Airport Workers Protest, Give FG 14-Day Ultimatum Over Aviation Bills

Aviation unions have given the Federal Government a 14-day ultimatum to the Federal Government over what they say are anti-labour clauses in recently amended aviation bills.

The unions say clauses inserted in the bills give the Minister of Aviation overriding powers to direct affairs on issues affecting trade unions in the industry.

Stressing that the clauses were an attempt to gag and control the unions, they asked the Federal Government to remove them.

One of the clauses reads, “All services which facilitate and maintain the smooth, orderly and safe take-off, flight and landing of aircraft, embarkation and disembarkation and evacuation of passengers and cargo respectively in all aerodromes in Nigeria are hereby designated as essential services pursuant to the provisions of Section 11(1) of the Constitution of the Federal Republic of Nigeria, 1999 (as altered).

“The Minister may by regulations, prohibit all or such class or classes of workers, officers and other employees or persons whether corporate or natural, engaged in the provision of services specified in subsection (1) of this section from taking part in a strike or other industrial action.”

But the unions argue that the clauses contradicted international labour laws and amount to a usurpation of the duties of the Ministry of Labour.

To express their grievances and push forward their demands for the “expunging of obnoxious essential services clause form the Bills/Acts of the aviation agencies”, the workers held peaceful protests in some airports in the country.

Some of them carried placards calling on the President not to assent to the bills.
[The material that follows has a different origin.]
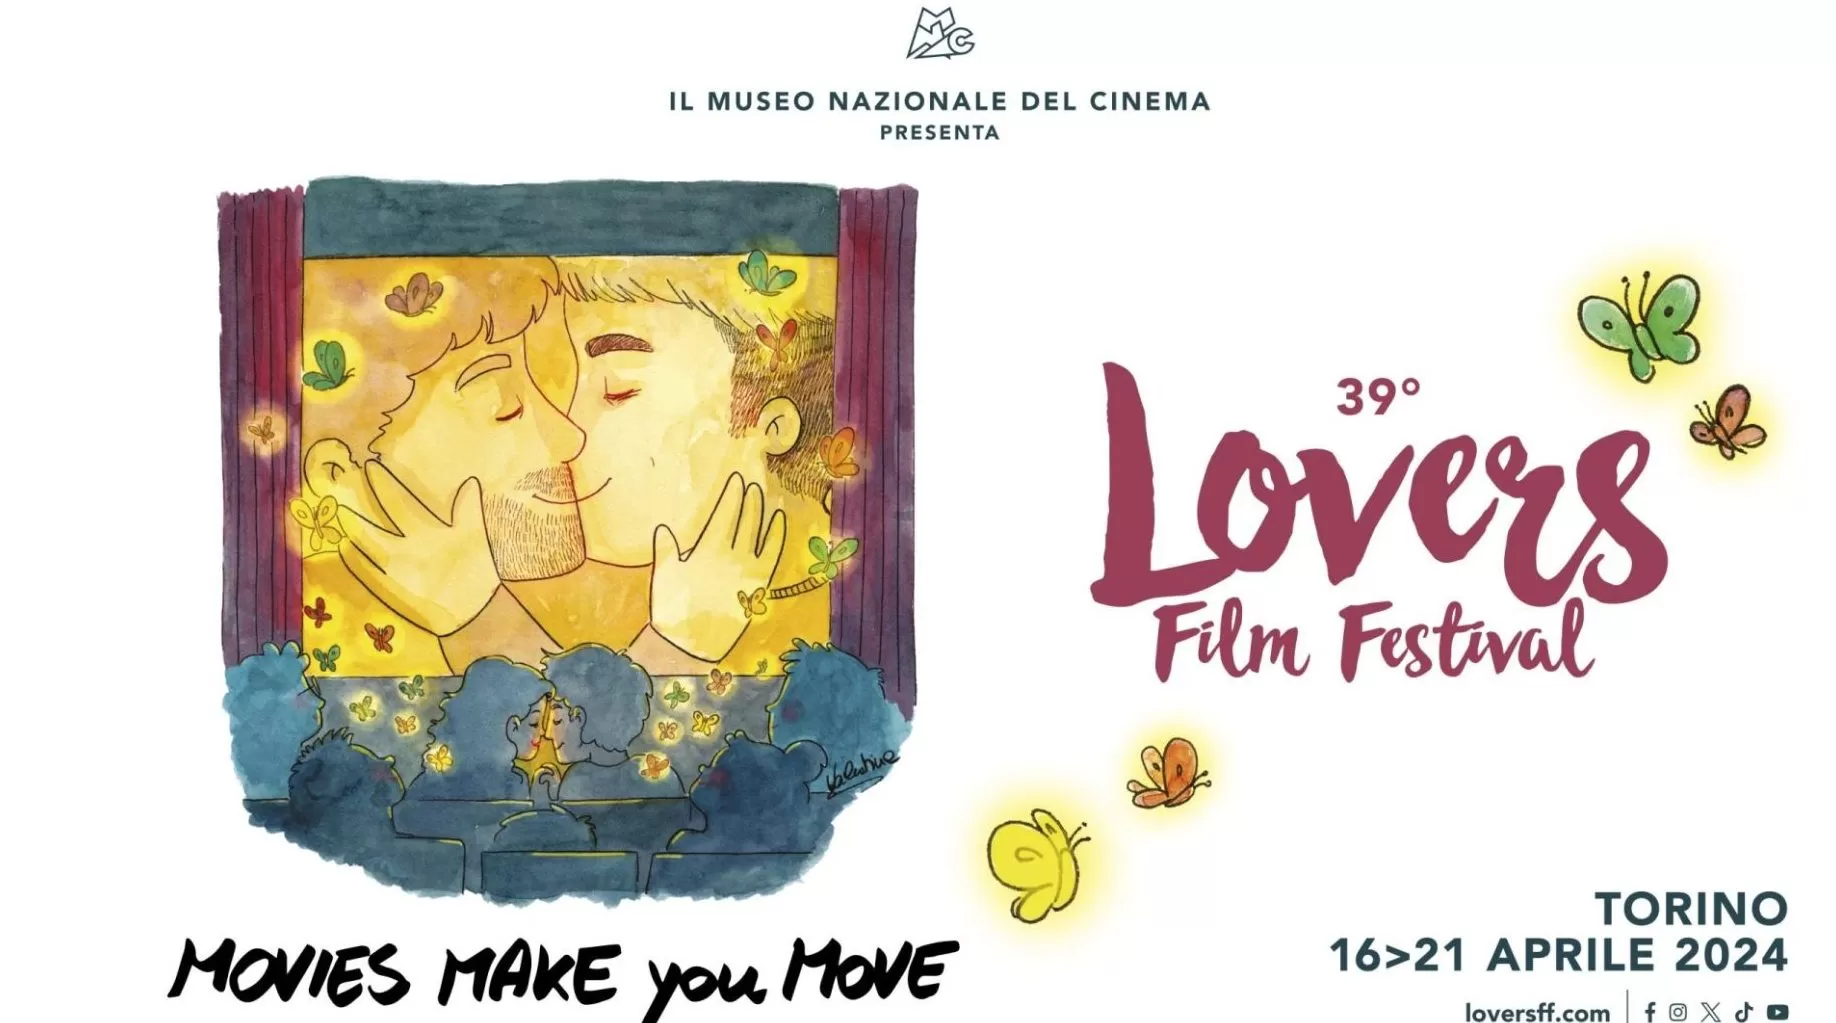 Lovers Film Festival: un’anteprima della serata inaugurale al cinema Massimo
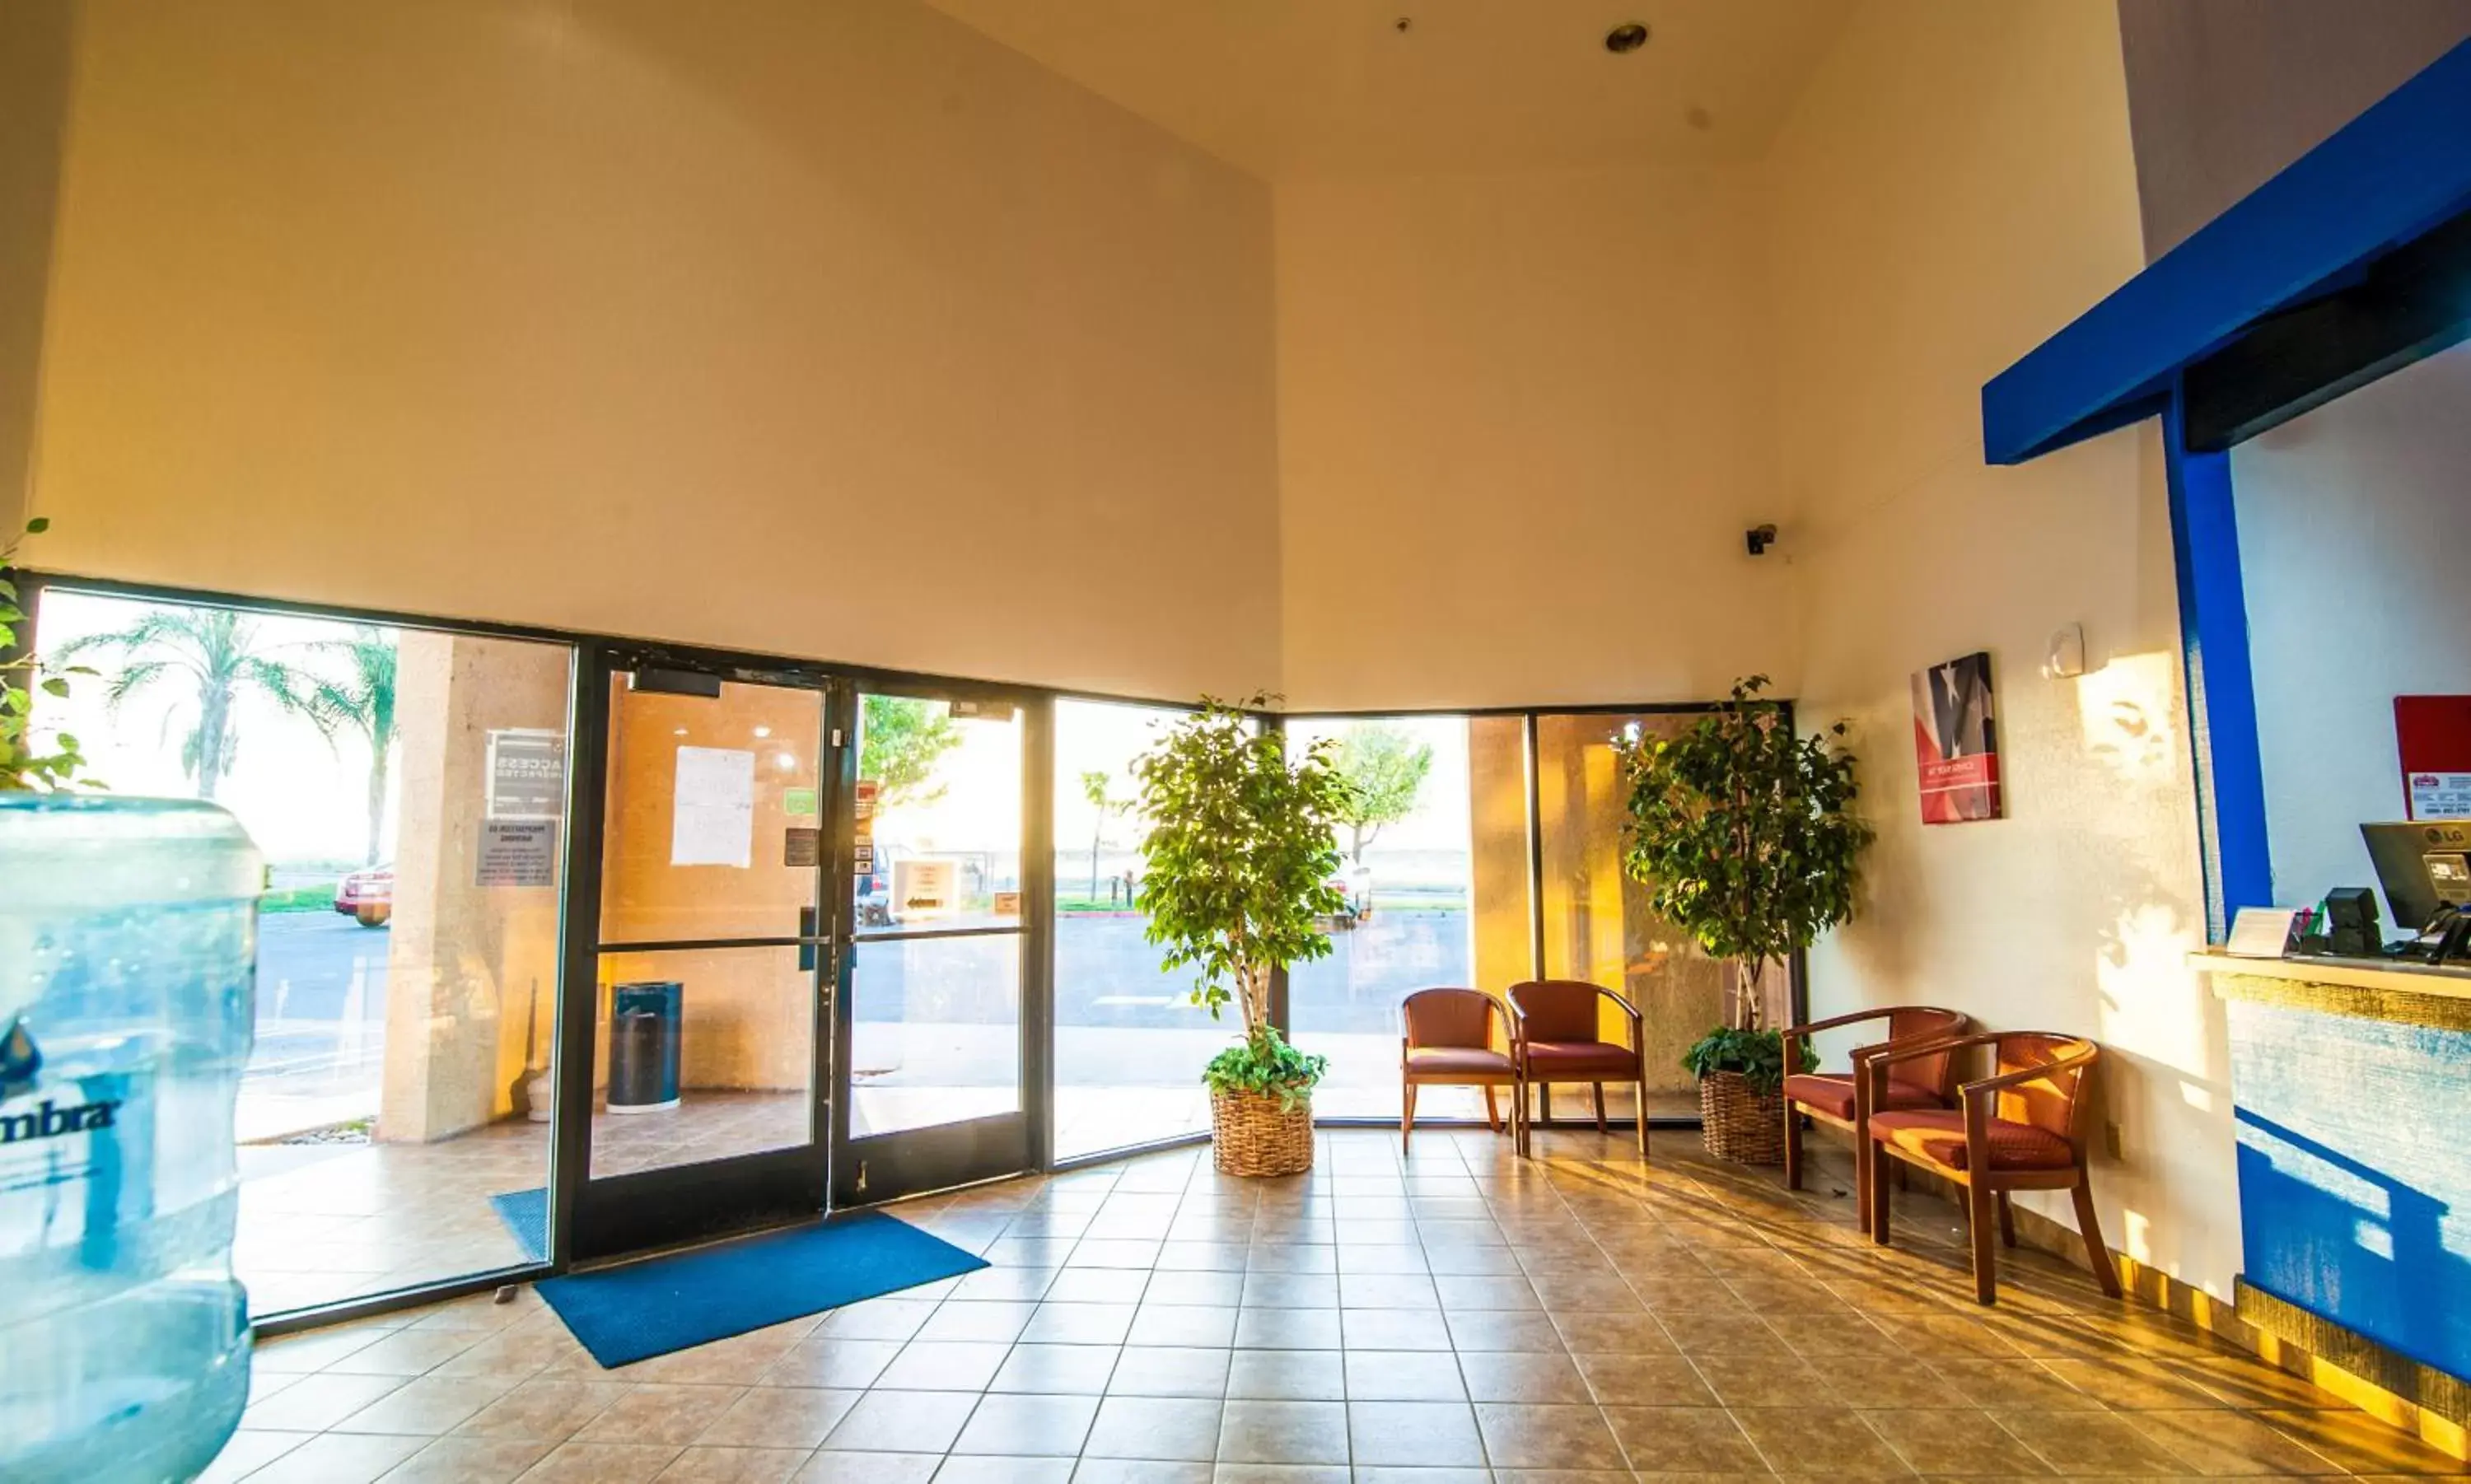 Lobby or reception in Motel 6-Santa Nella, CA - Los Banos

Other placards had messages such as “Our voices must be heard” and “Prohibition of Aviation Union activities is evil” among other messages.

During the protest in Lagos, the General Secretary of the National Union of Air Transport Employees, Ocheme Aba, said classifying aviation workers as essential services personnel is at variance with International Labour Organisation (ILO)’s categorisation.

He said the withdrawal of services by personnel that threatens lives could be described as essential, for which the transport sector does not qualify.

According to him, only workers in the air traffic control services qualify as essential because of their advisory function to aircraft in flight.

He said aviation unions have carried the Nigerian Labour Congress and Trade Union Congress along in the bid to reverse the ugly trend; which seeks to muzzle aviation workers.